Donald Trump gerät in der Ukraine-Affäre zunehmend in Erklärungsnöte – nur so sind seine Hasstiraden auf den ersten Zeugen aus dem Nationalen Sicherheitsrat zu verstehen. Trump wurde hinter den verschlossenen Türen des Kongresses von dem hochdekorierten US-Offizier schwer belastet.

Von Thilo Kößler | 30.10.2019
Alexander Vindman trifft ein zu einem Meeting hinter verschlossenen Türen am 29. Oktober 2019 in Washington
Sehr beunruhigt nach Trumps Telefonat mit Ukraine-Präsident Selinsky - Alexander Vindman (picture alliance / Pete Marovich)

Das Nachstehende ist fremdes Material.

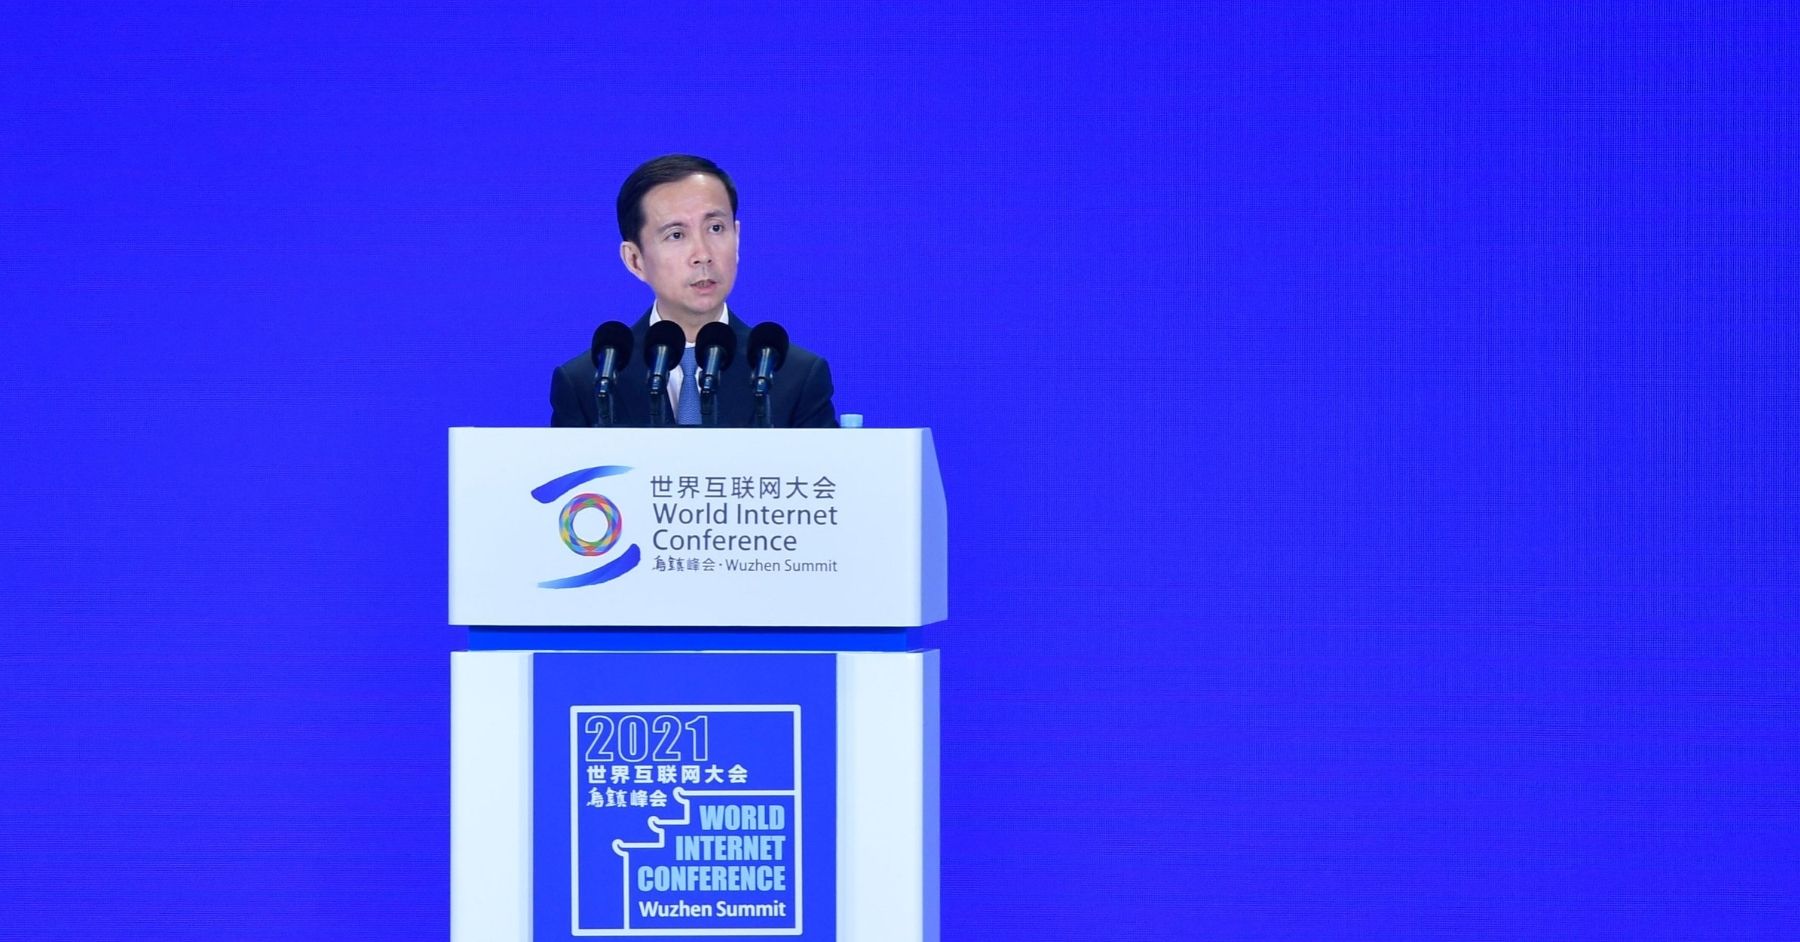 Daniel Zhang Alibaba World Internet Conference Wuzhen Summit

Wenn die Twitter-Frequenz Donald Trumps etwas über sein Befinden aussagt, dann muss es schlecht um den Präsidenten bestellt gewesen sein: In einer nicht endenden Flut von Tweets und Retweets beschimpfte Trump den Zeugen noch vor dessen Erscheinen im Kongress. Er sei ein "Never Trumper", ein republikanischer Gegner seiner Präsidentschaft.
Trump versuchte, die Glaubwürdigkeit des hochdekorierten Oberstleutnants der US-Armee in Abrede zu stellen, der bis heute ausgewiesener Ukraine-Experte im Nationalen Sicherheitsrat des Weißen Hauses ist. Er bezichtigte Alexander Vindman, das umstrittene Telefonat zwischen ihm und dem ukrainischen Staatschef Selenskyi gar nicht mitgehört zu haben. Dabei saß Vindman neben vielen anderen als Zuhörer im "Situation Room" des Weißen Hauses.
Als Sohn ukrainischer Auswanderer ins Land gekommen
Etliche Republikaner griffen die aggressiven Äußerungen des Präsidenten begierig auf und zweifelten öffentlich die Loyalität des Zeugen an – schließlich sei er als dreijähriger Sohn ukrainischer Auswanderer ins Land gekommen. Das ging selbst republikanischen Parteifreunden zu weit. Die Abgeordnete Liz Cheney nannte es beschämend, Loyalität und Patriotismus eines Offiziers infrage zu stellen, der bei einem Kampfeinsatz im Irak schwer verletzt wurde und sein Leben für sein Land riskierte.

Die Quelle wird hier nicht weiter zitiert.